With no fooling around, the game was indeed a
classic as Zeus watched closely the contest going on between pitcher and
batter. He jumped excitedly whenever
a high and tight fast ball was thrown knowing the next pitch, almost for sure,
was going
to be a curve that often had a batter falling backward out of his little box
and sometimes out of his spikes.
He could see much of himself in this
Babe; in the boy that would father the man he would become. His feats would
follow him
all the way to the house he
would build in The Bronx where he would eat thirty hot-dogs while washing
them down with ten
golden beers speckled with
partially chewed materials and then go out onto the field to hit prodigious
home runs way over
where his tomb stone would one day stand.
The game ended with only one run being scored, due to the "dead ball" , with
the Babe hitting the sac-fly for the win.

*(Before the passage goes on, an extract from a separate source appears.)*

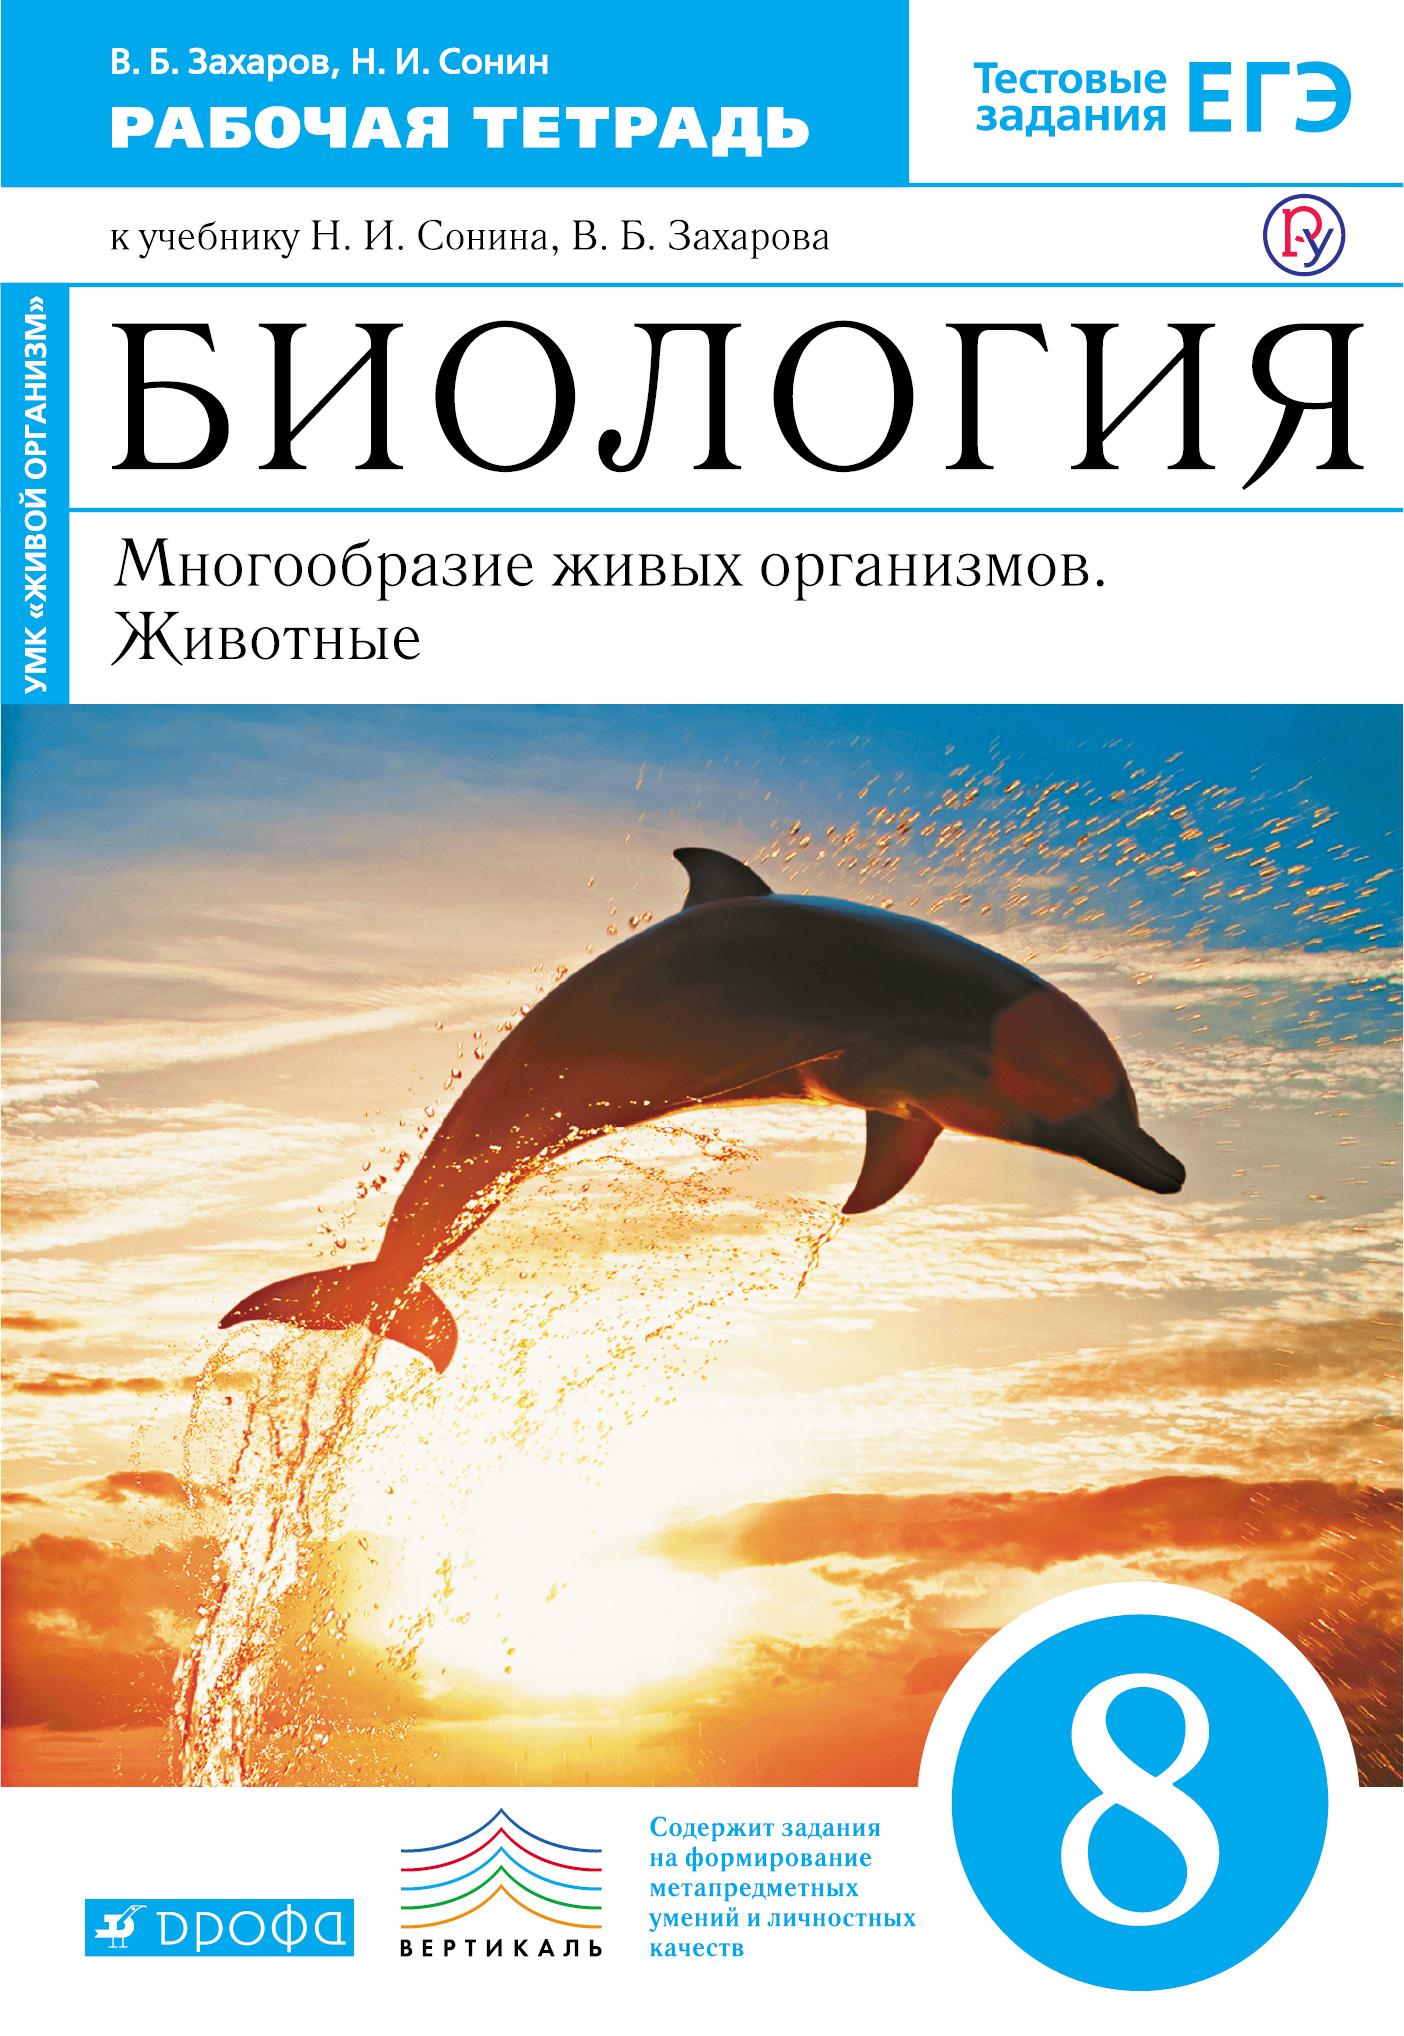 Биология. Многообразие живых организмов. Животные. 8 класс. Рабочая тетрадь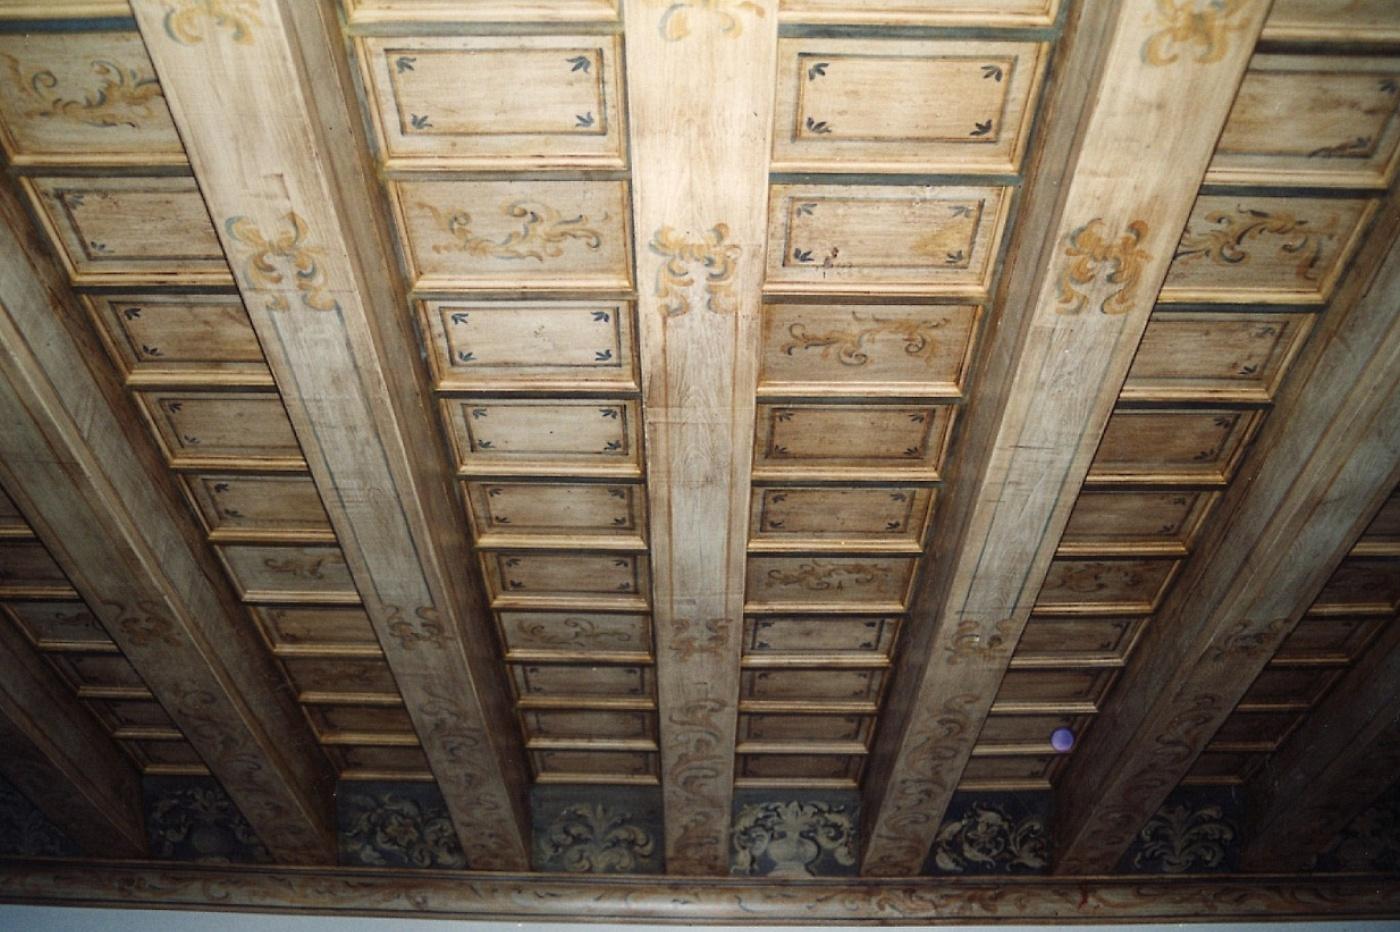 Sols interni di prestigio soffitti in legno dipinti - Soffitti decorati ...

Zeus hoped strongly that the earthlings would
not make earth a dead ball and when he found out the Beantowners had sent
his
Babe to New York - he became an anti Boston
fanatic vowing the Red Sox would never again win another world serious. It
was
Zeus who encouraged a bald
man for the Cardinals to scamper home from first after lulling the defense
into thinking such a
thing could not be done. It
was he who fashioned the great stretch drives between the Yankees and Red
Sox and delighted
when the Yankees beat
them out and it was he who struck in the last half of the ninth inning when
the Red Sox had all but
defeated the Mets. He convinced the
Boston manager not to put in an uninjured reserve first baseman for defensive
purposes
who just happened to
have good use of both legs and it was he who had the two outs made and the
third batter have two
strikes on him before allowing
him to hit a pop up with eyes to fall unmolested just beyond two outstretched
gloves; made a
base on balls happen by having the
pitcher lose his control and an umpire forget what constituted a strike zone;
a wild pitch
that he made slip out of sweaty fingers
to advance the runners into scoring position and then allowed the polluted
sky to fall by
having a little snaky grounder
- that looked so harmless - slither its way through the legs of the first
base man, who found it
difficult to bend, and make its way to shallow right field just far enough
to score the tying and winning runs!
Zeus didn't even have to show up the next day
for the seventh game for the hex was sure to remain for he was the Zeus man
and would never forget what "they" had done to The Babe .... END
.
AUTOBIOGRAPHICAL NOTES CONTRIBUTED BY JERRY VILHOTTI:
Jerry Vilhotti graduated from the only college that won the NIT and
NCAA basketball tournaments in the same year but more
importantly than that - Jonas Salk, who helped rid some of the
world of polio, graduated from the same NYC school. Of that I'm even
more proud! I've been fortunate to have stories accepted by Dream
International, Puck &Pluck, Hob Nob and many other literary
magazines. I live in a simpler place in time among the Litchfield Hills
with a beautiful wife who treats me well (often I wonder why) and we
both helped in bringing into the world three sort of nice kids who I
hope will be as lucky as I was in finding the partner I did long ago
and far away just like the song!
Copyright 2001 by Jerry Vilhotti. All rights
reserved.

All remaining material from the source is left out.